But this self–appointed penance could not shut Edward Arundel and Mary Marchmont from the widow's mind. Walking through a fiery furnace their images would have haunted her still, vivid and palpable even in the agony of death. The fatigue of the long weary walks made Mrs. Marchmont wan and pale; the exposure to storm and rain brought on a tiresome, hacking cough, which worried her by day and disturbed her fitful slumbers by night. No good whatever seemed to come of her endeavours; and the devils who rejoiced at her weakness and her failure claimed her as their own. They claimed her as their own; and they were not without terrestrial agents, working patiently in their service, and ready to help in securing their bargain.
The great clock in the quadrangle had struck the half–hour after three; the atmosphere of the August afternoon was sultry and oppressive. Mrs. Marchmont had closed her eyes after flinging aside her book, and had fallen into a doze: her nights were broken and wakeful, and the hot stillness of the day had made her drowsy.
She was aroused from this half–slumber by Barbara Simmons, who came into the room carrying two cards upon a salver,––the same old–fashioned and emblazoned salver upon which Paul Marchmont's card had been brought to the widow nearly three years before. The Abigail stood halfway between the door and the window by which the widow sat, looking at her mistress's face with a glance of sharp scrutiny.
"She's changed since he came back, and changed again since he went away," the woman thought; "just as she always changed at the Rectory at his coming and going. Why didn't he take to her, I wonder? He might have known her fancy for him, if he'd had eyes to watch her face, or ears to listen to her voice. She's handsomer than the other one, and cleverer in book–learning; but she keeps 'em off––she seems allers to keep 'em off."
I think Olivia Marchmont would have torn the very heart out of this waiting–woman's breast, had she known the thoughts that held a place in it: had she known that the servant who attended upon her, and took wages from her, dared to pluck out her secret, and to speculate upon her suffering.
The widow awoke suddenly, and looked up with an impatient frown. She had not been awakened by the opening of the door, but by that unpleasant sensation which almost always reveals the presence of a stranger to a sleeper of nervous temperament.
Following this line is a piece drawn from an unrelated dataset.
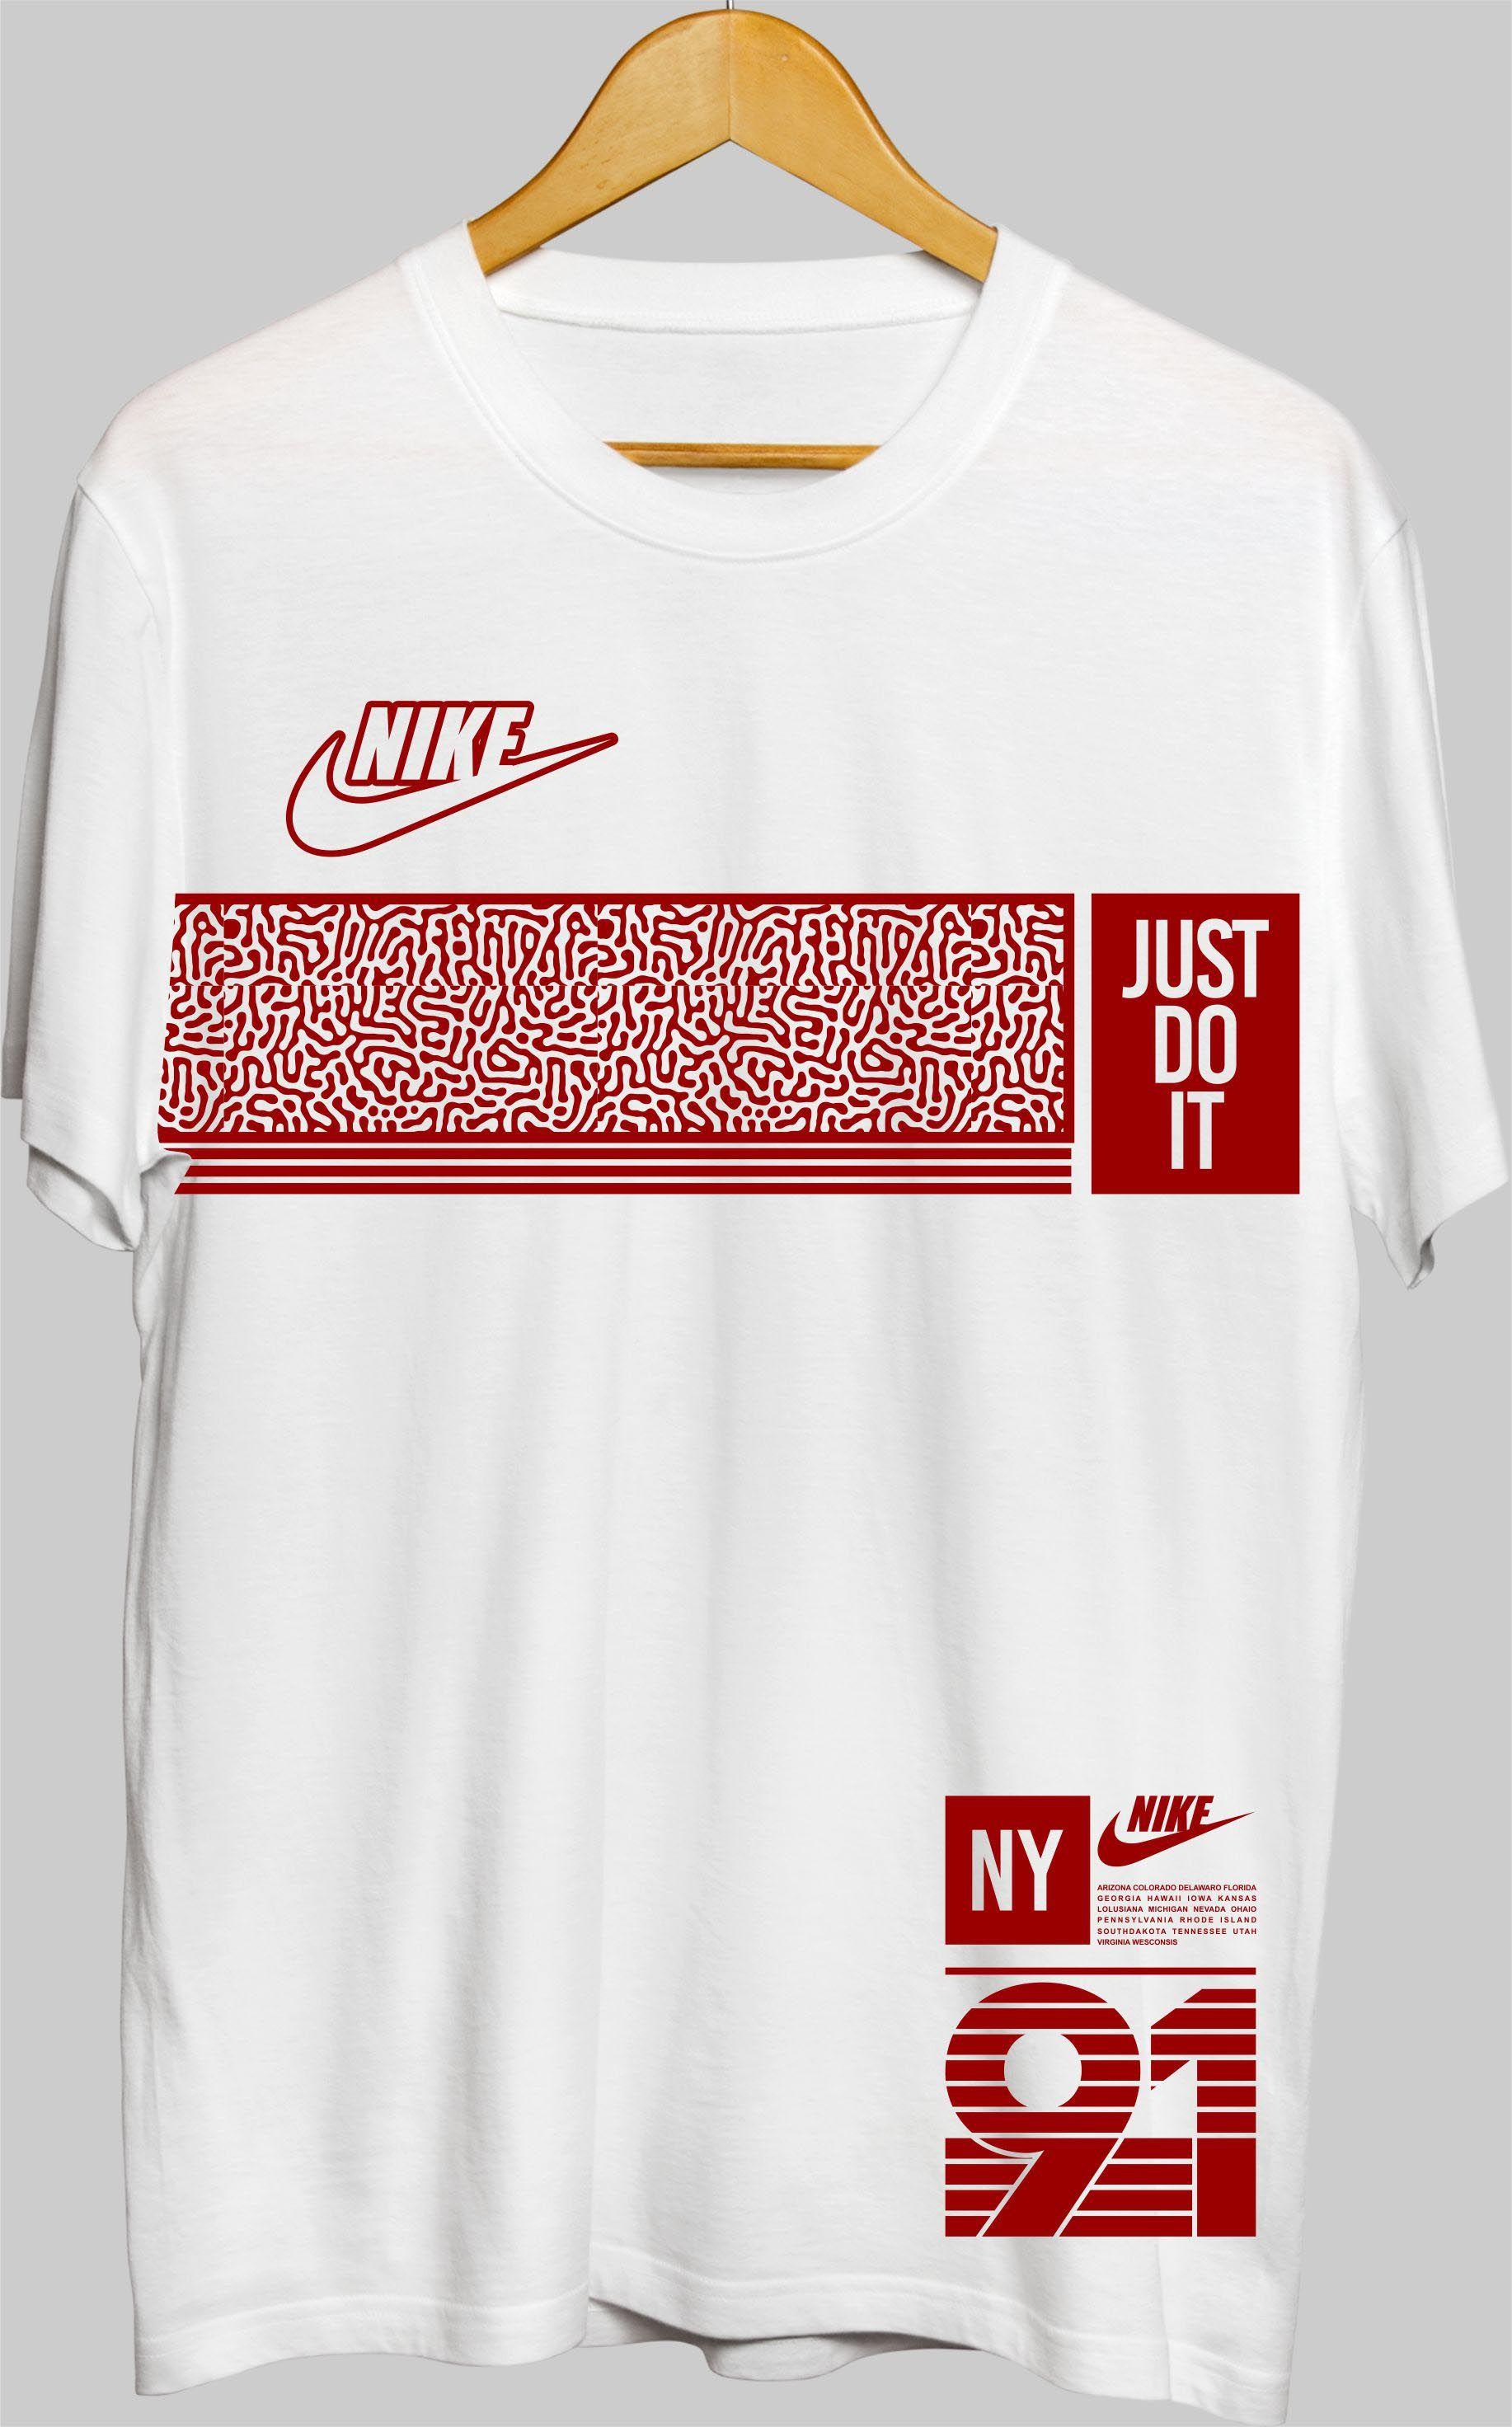 Vans Para Hombre Logo T Shirt Tee Blanco Con Rojo   eBay

"What is it, Barbara?" she asked; and then, as her eyes rested on the cards, she added, angrily, "Haven't I told you that I would not see any callers to–day? I am worn out with my cough, and feel too ill to see any one."
"Yes, Miss Livy," the woman answered;––she called her mistress by this name still, now and then, so familiar had it grown to her during the childhood and youth of the Rector's daughter;––"I didn't forget that, Miss Livy: I told Richardson you was not to be disturbed. But the lady and gentleman said, if you saw what was wrote upon the back of one of the cards, you'd be sure to make an exception in their favour. I think that was what the lady said. She's a middle–aged lady, very talkative and pleasant–mannered," added the grim Barbara, in nowise relaxing the stolid gravity of her own manner as she spoke.
Olivia snatched the cards from the salver.
"Why do people worry me so?" she cried, impatiently. "Am I not to be allowed even five minutes' sleep without being broken in upon by some intruder or other?"